Que contiennent ces boissons? Comment doivent-elles être dosées?
« Ces boissons contiennent en général du glucose sous forme simple ou de polymères (maltodextrines), du sodium et de la vitamine B1 nécessaire au métabolisme énergétique. Le rajout d’acides aminés permet de limiter la casse musculaire pour des efforts de longue durée, celui de glutamine est bénéfique pour le système immunitaire et la muqueuse de l’intestin grêle. Il est très important d’éviter le surdosage du produit. Un apport de 15 à 25 g de glucides pour 500 à 750 ml d’eau ajoutés suffit très souvent et protège le pratiquant des risques de troubles digestifs par surdosage du produit (diarrhées, maux de ventre, vomissements…). La capacité maximale d’assimilation digestive du glucose à l’effort n’excède pas parfois, selon les individus et les conditions (température élevée, atmosphère humide, déshydratation avancée, intensité élevée…), 15 à 20g/heure.»
Boisson isotonique, électrolyte, maltodextrine… pour un novice, qu’est-il important de retenir?
« Hypotonique c’est à dire dont la concentration est inférieure à celle du plasma afin d’éviter un afflux d’eau dans l’intestin et donc des risques de diarrhées et une aggravation de de la déshydratation. Présence de glucose/maltodextrines, sodium, vitamine B1 et éventuellement d’acides aminés/glutamine pour des efforts de longue durée. »

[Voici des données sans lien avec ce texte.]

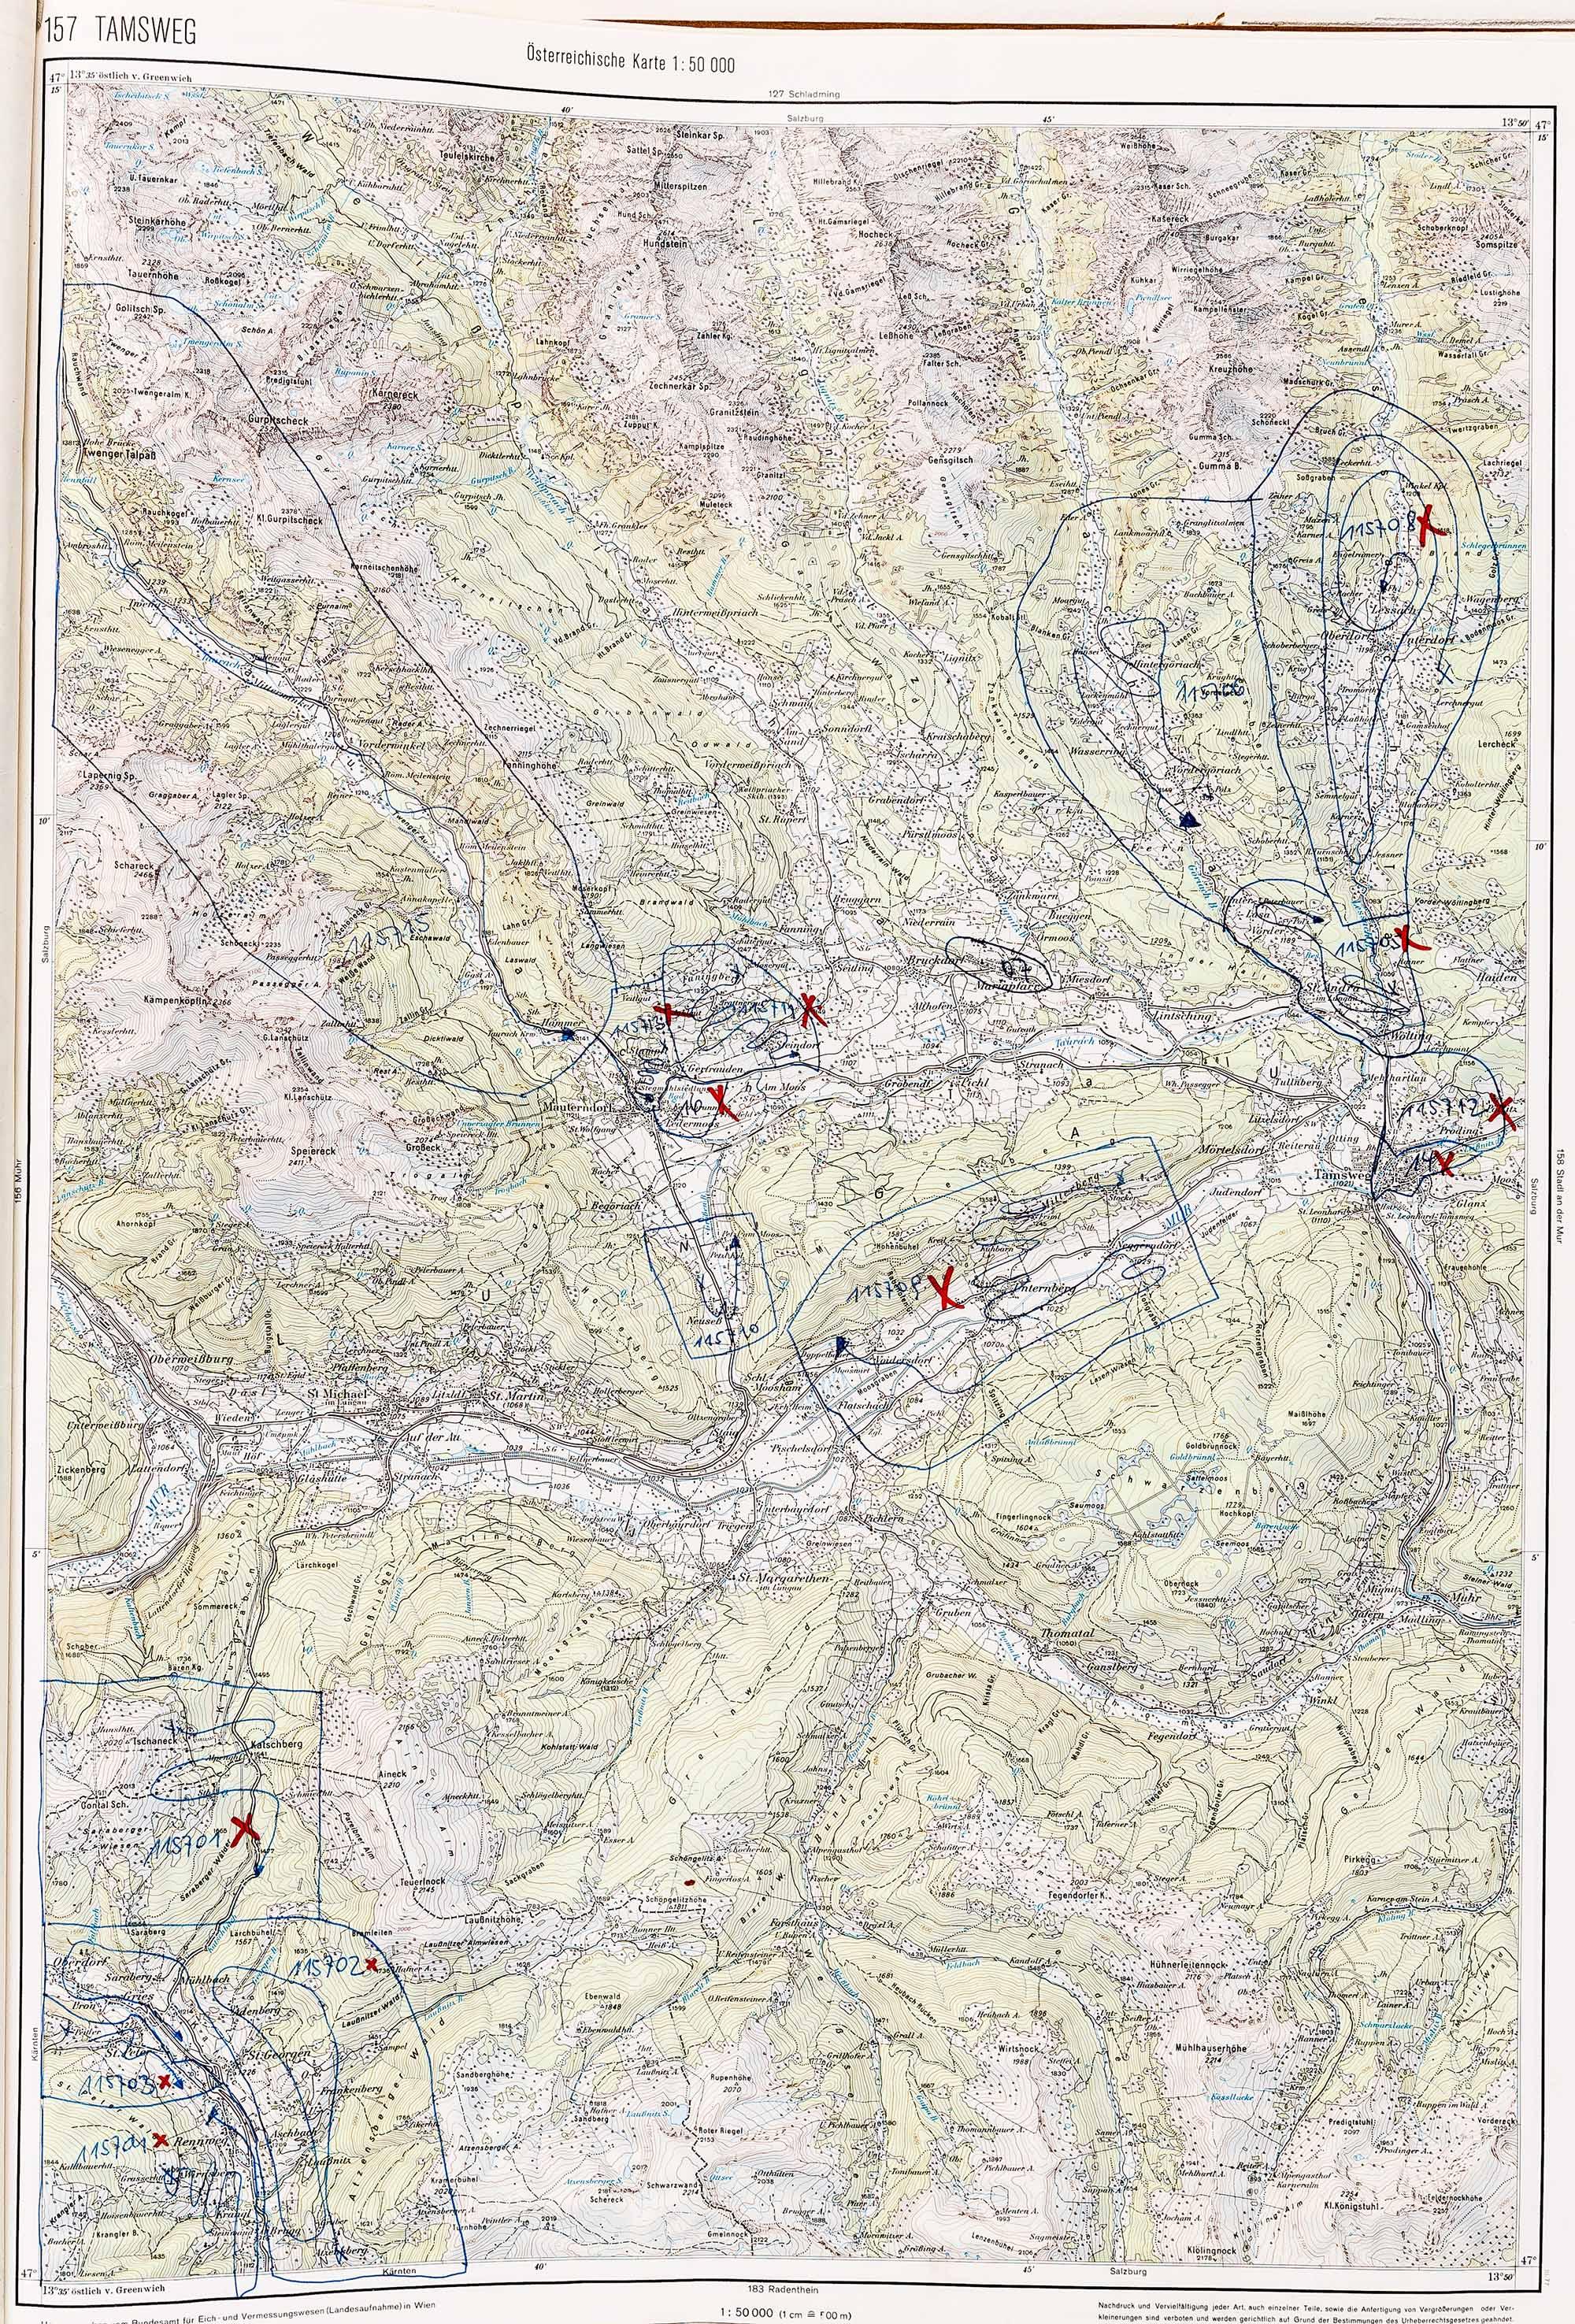 1979-1982 Karte 157

Quelle quantité et quand faut-il boire?
« Une prise de 400 à 500 ml/heure à raison de 2 gorgées toutes les 10 à 15′ peut convenir. Mais une nouvelle fois, tout va dépendre des conditions. En revanche, il me paraît nécessaire de débuter la prise dès l’échauffement et le début de la compétition, sans attendre la déshydratation de l’intestin qui risquerait de porter préjudice ensuite à l’assimilation de liquides et d’aliments. »
Pour une cyclo, 2 bidons de 750 ml suffisent | © licence libre
Quelles boissons conseillez-vous pour une cyclosportive ou un entraînement par exemple?

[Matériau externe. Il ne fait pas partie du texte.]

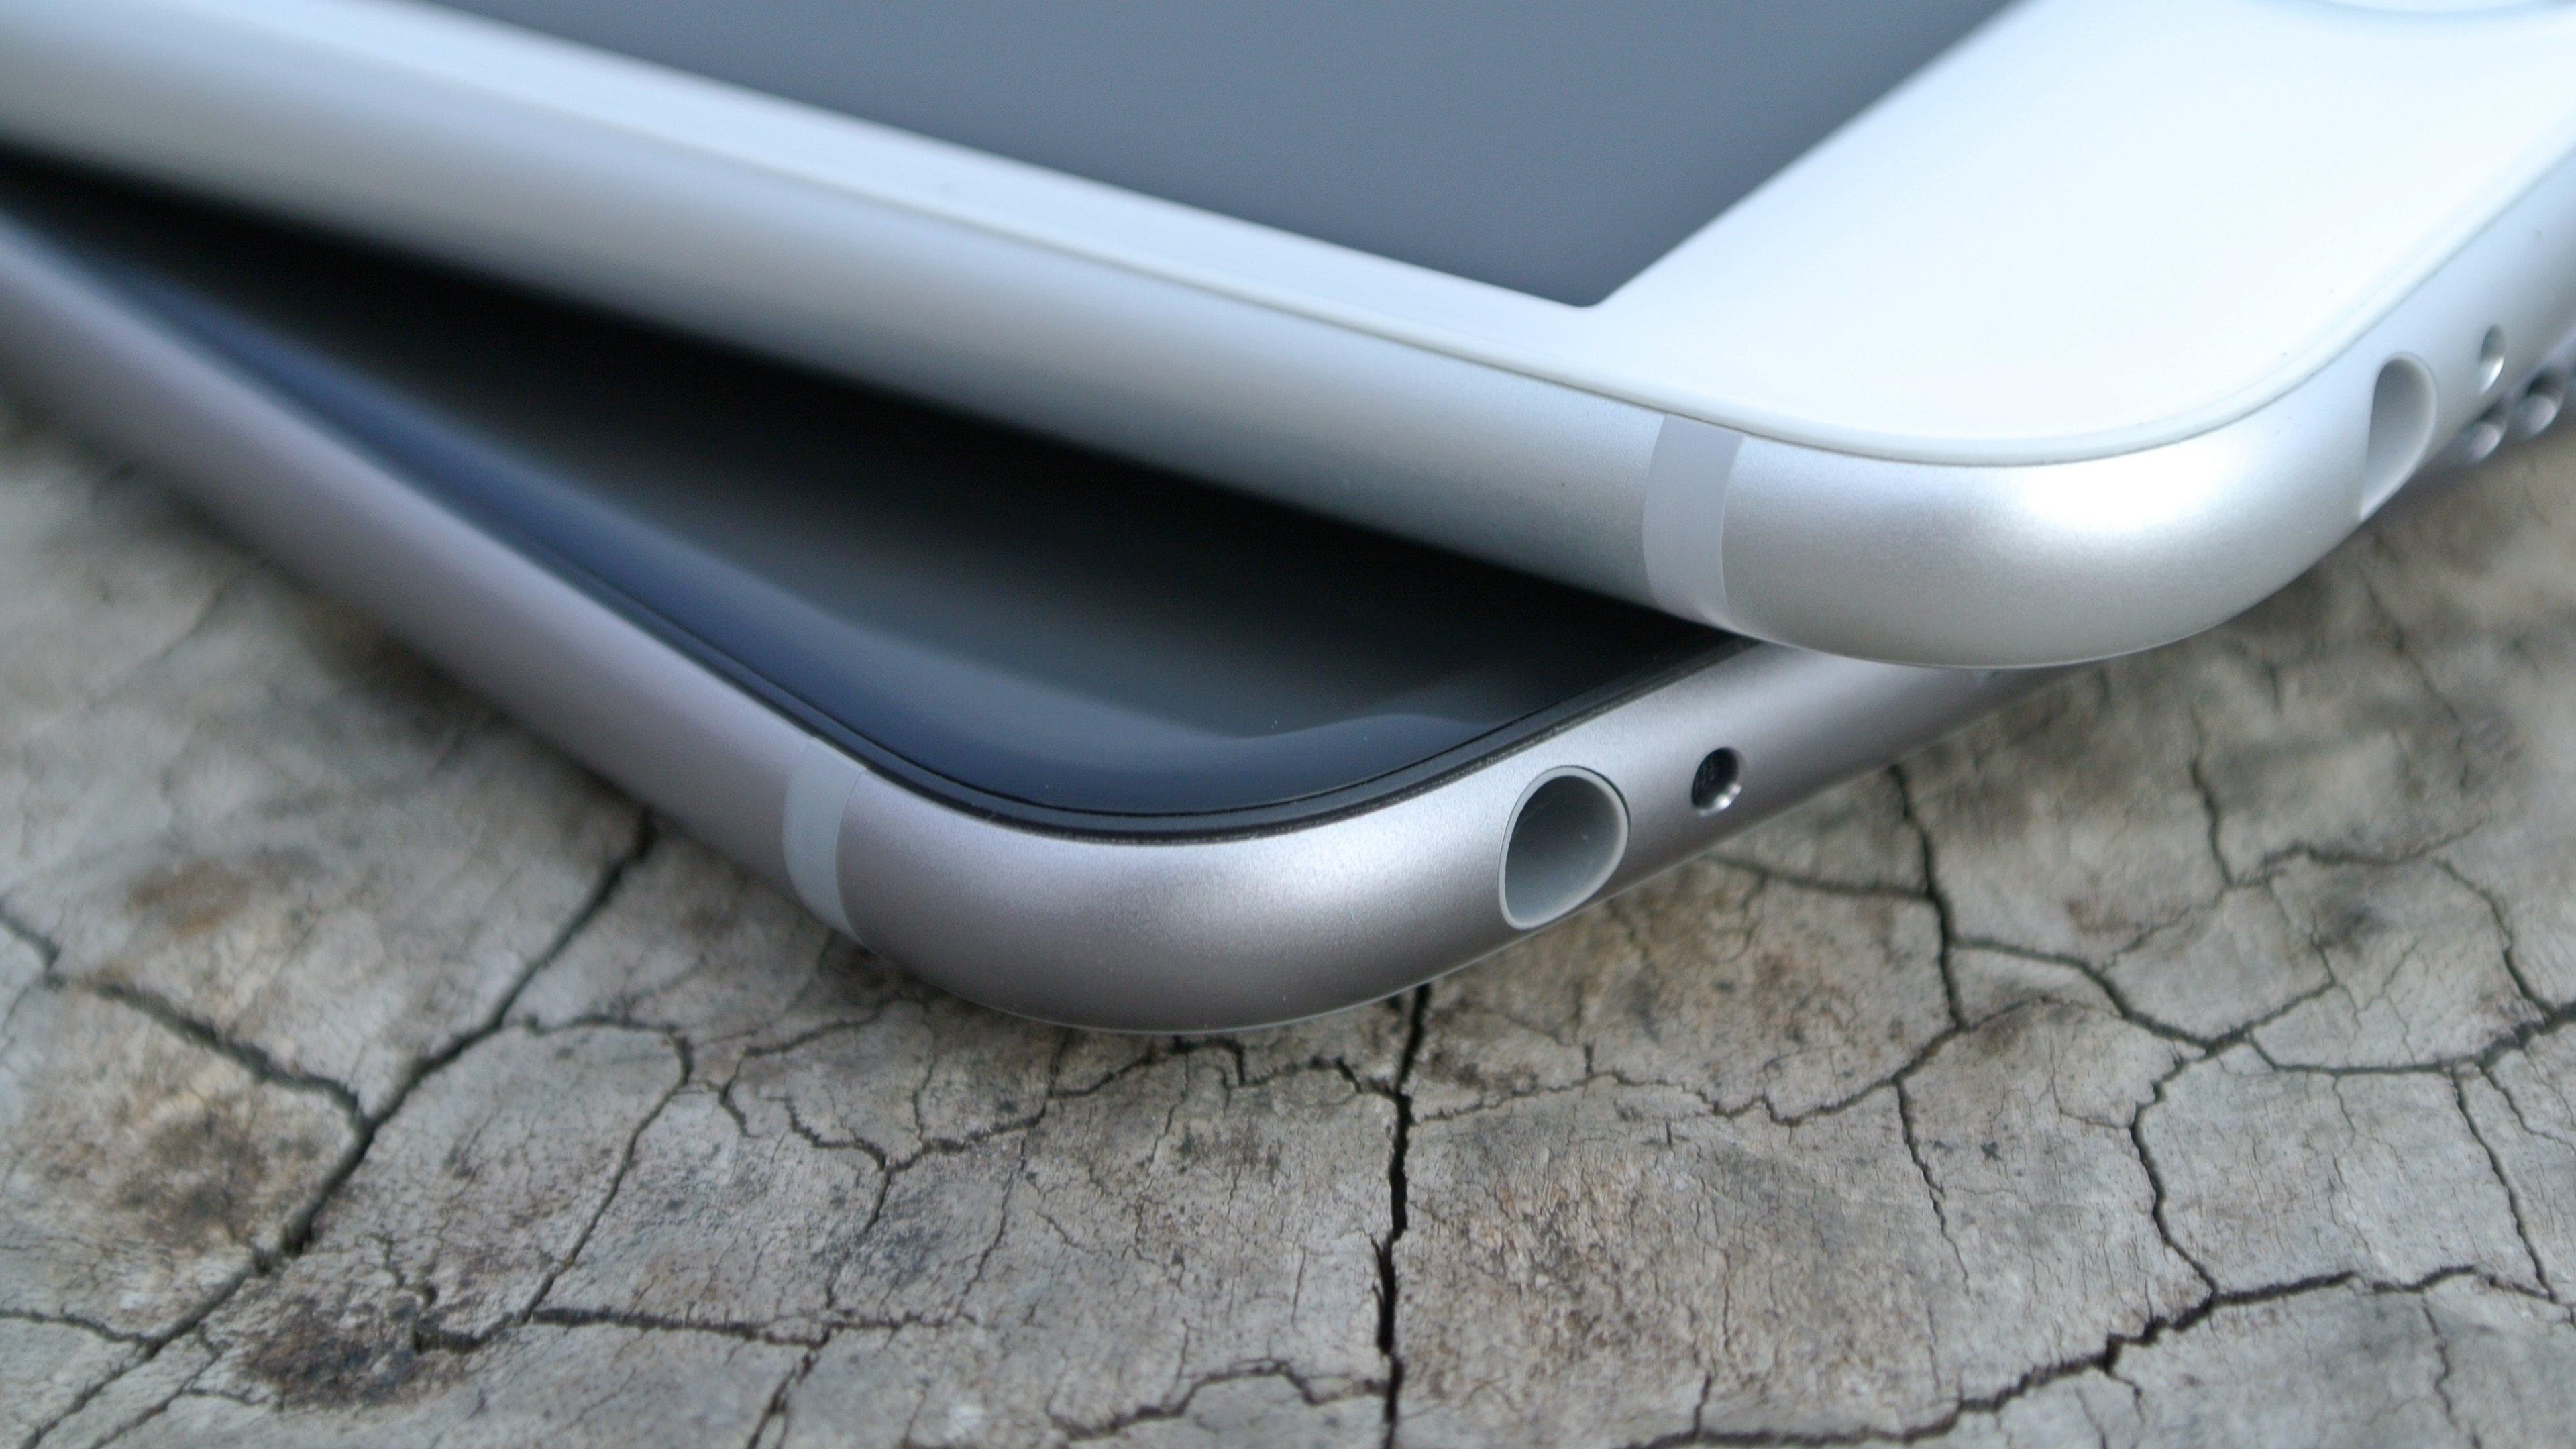 iphone iphone 6 apple Ultra HD Wallpaper 4k 3840x2160   HD 3840x2160

« Une boisson hypotonique garante des éléments précités. Pour les cyclistes qui entreprennent de longues sorties, je conseille généralement 2 bidons de 750 ml : l’un avec la boisson de l’effort pour les 2 premières heures de la séance, le second avec de l’eau légèrement salée (1 à 2 pincées) pour les 2 heures suivantes durant lesquelles l’alimentation solide interviendra (banane, cakes salés fait maison, pancakes avec farine de riz ou de châtaigne, viande séchée, amandes, barres de céréales…). Pour des cyclosportives, il semble utile de se munir de recharge de boisson (sticks) et de petits sachets de sel récupérés par exemple dans les restaurants collectifs ou achetés en grande surface.»
Est-il possible de faire une boisson de l’effort « maison » aussi « performante » que celles qu’on peut trouver dans le commerce?
« Possible mais risqué à cause des risques d’un dosage inadapté des différents constituants et d’une éventuelle absence de vitamine B1. »
Existe-t-il des boissons adaptées selon les profils?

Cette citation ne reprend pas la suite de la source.